Overcome Weight Gain
Food can be your friend or foe on the path towards staying tobacco-free. The fear of weight gain is one of the most common barricades to quitting, and you might worry that since you're not smoking or chewing anymore, you're going to gain weight. But you don't have to pack on the pounds just because you put down those cowboy killers. Studies show that three out of four people do not gain weight after they stop smoking.
Those who do gain weight only add 5 pounds on average. And some people actually lose weight after quitting. Many people who stop smoking have more energy and exercise more—a great way to keep extra weight at bay.
What's the link between quitting smoking or chewing and gaining weight?
Since you've given up nicotine, you might find yourself drawn to grabbing a snack instead of going outside for a smokebreak. For example:
- You may have an increased desire for sweets.
- You may feel like you are slowing down during withdrawal from nicotine.
- You may snack more between meals.
- You may feel like you need to do things with your hands and mouth.
- You may feel bored.
Food for Thought
Being a non-smoker is not easy, and it involves practicing coping skills and making lifestyle changes.
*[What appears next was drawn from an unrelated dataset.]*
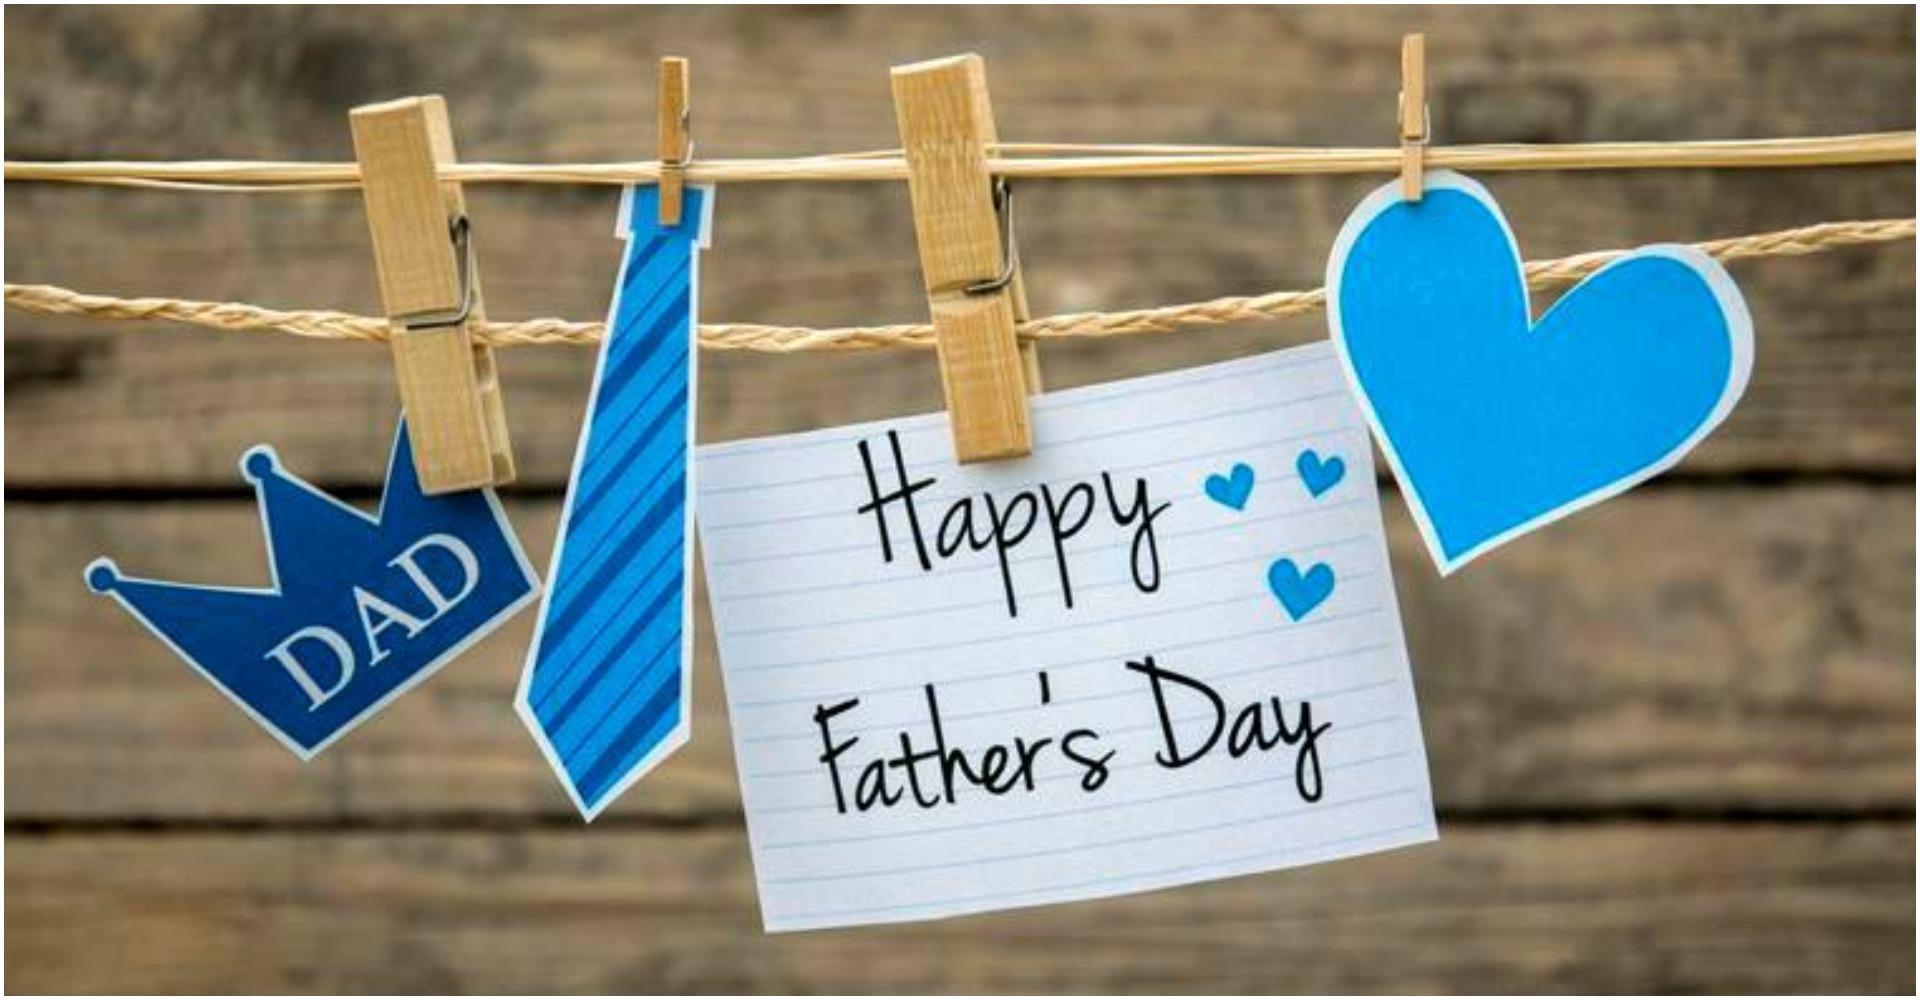 Happy Father Day 2020 Wishes and Quotes: इन स्पेशल मैसेज से दें अपने पिताजी को 'फादर्स डे' की बधाई

Set yourself up for success by being prepared and having your own plan in place!
- Craving for a cigarette can often be mistaken for a hunger pang. Take a moment to readjust and find an alternative to lighting up, dipping, or grabbing a handful of empty calories.
- Move more. Even if you do eat a few more calories while quit tobacco, you can burn them off by being more active. Take the stairs, go the long way, walk around a building before you enter it, take the dog for a long walk, and park far from where you're going.
- Drink water. Water is so good for you at this time—not only does it flush gross stuff out of your body, but it will help you feel full.
- Try to avoid foods that you associate with tobacco, especially heavy, fried foods.
- Eat three solid and well-balanced meals a day to prevent an energy lag and increased hunger, which may result in overeating. Eating breakfast is especially important.
- Plan ahead. Have healthy foods on hand for meals and snacks, and pick foods that require a lot of chewing. Fruits, veggies, and popcorn are great ideas!
- Limit sweets. Chew sugar-free gum or eat hard, sugarless candy and popsicles if you want something in your mouth.
When you know what's lurking around the corner, you're better prepared to hold your own. So keep these thoughts in mind when you make your battle plans.
- Gaining a few pounds is much better for you than continuing to smoke. Remember, being overweight is nowhere near as dangerous as using tobacco. In fact, smoking puts you at as much risk for health problems as someone who is 100 pounds overweight!
- Exercising or just increasing your daily activity will help you diminish withdrawal symptoms, prevent weight gain, and improve your chances of successfully living a smoke-free life.
- Start changing your exercise and eating habits before you quit. You'll be changing enough when you do quit, and this is an easy way to get a head start.
- Exercise and healthy eating will help lower your bad cholesterol, too!